GTISC Releases Emerging Cyber Threats Forecast

The Georgia Tech Information Security Center (GTISC), a national leader in information security research and education, today announced the release of the GTISC Emerging Cyber Threats Report for 2008. As the inaugural edition of this annual forecasting report, the GTISC Emerging Cyber Threats Report for 2008 outlines the top five areas of security concern and risk for consumer and enterprise Internet users for the coming year. The report was released at the annual GTISC Security Summit on Emerging Cyber Security Threats and Countermeasures - a gathering of industry and academic leaders from organizations with a stake in protecting the online user community including Google, the College of Computing at Georgia Tech, the National Security Agency (NSA), IBM Internet Security Systems (ISS), McAfee, Secure Computing, S.P.I. Dynamics, Inc. and Symantec.

For 2008, GTISC is forecasting five key areas in which cyber security threats are expected to increase and evolve:
- Web 2.0 and Client-Side Attacks - including social networking attacks and new attacks that will exploit Web 2.0 vulnerabilities
- Targeted Messaging Attacks - including Instant Messaging attacks and malware propagation via online video-sharing
- Botnets - specifically the spread of botnet attacks to wireless and peer-to-peer networks
- Threats Targeting Mobile Convergence - including voice spam, vishing and smishing
- Threats to Radio Frequency Identification (RFID) Systems - evolving and varied threats in this emerging technology sector

Financial gain will continue to be the primary motivator behind all five emerging threat categories.

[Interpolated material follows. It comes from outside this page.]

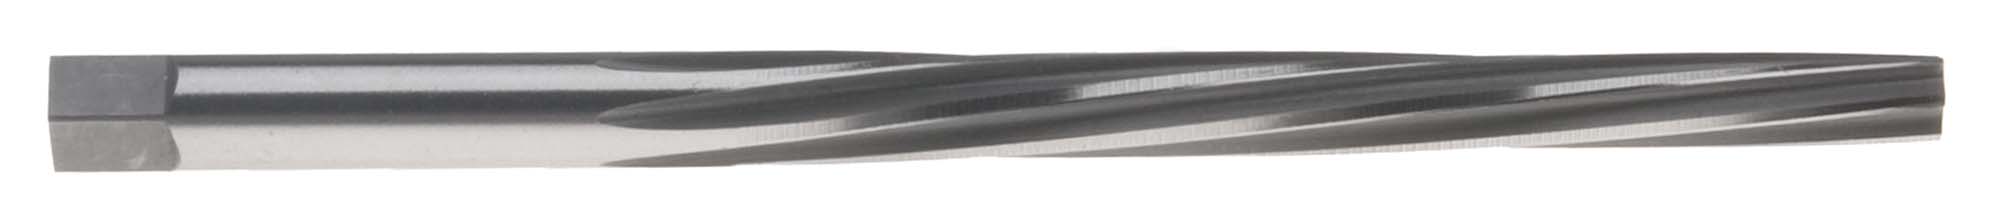 #8 Spiral Flute Taper Pin Reamer, High Speed Steel

As the rapid rate of application development for cyber mediums continues to outpace information security technologies and countermeasures, GTISC advocates closer coordination between the security industry, carriers, Internet Service Providers (ISPs), application developers and the user community to begin closing the security gap in 2008. Representatives from the organizations that participated in the GTISC Security Summit contributed to the development of this report.

"As newer and more powerful applications enabled by technologies like Web 2.0 continue to grow, and converged communications applications increasingly rely on IP-based platforms, new challenges will arise in safegaurding these applications and the services they rely on," said Mustaque Ahamad, director of GTISC. "The GTISC Emerging Cyber Threats Report for 2008 highlights those areas of greatest risk and concern, particularly as continued convergence of enterprise and consumer technologies is expected over the coming year. We wish to thank the esteemed members of the GTISC Security Summit panel who assisted us with the creation of this report."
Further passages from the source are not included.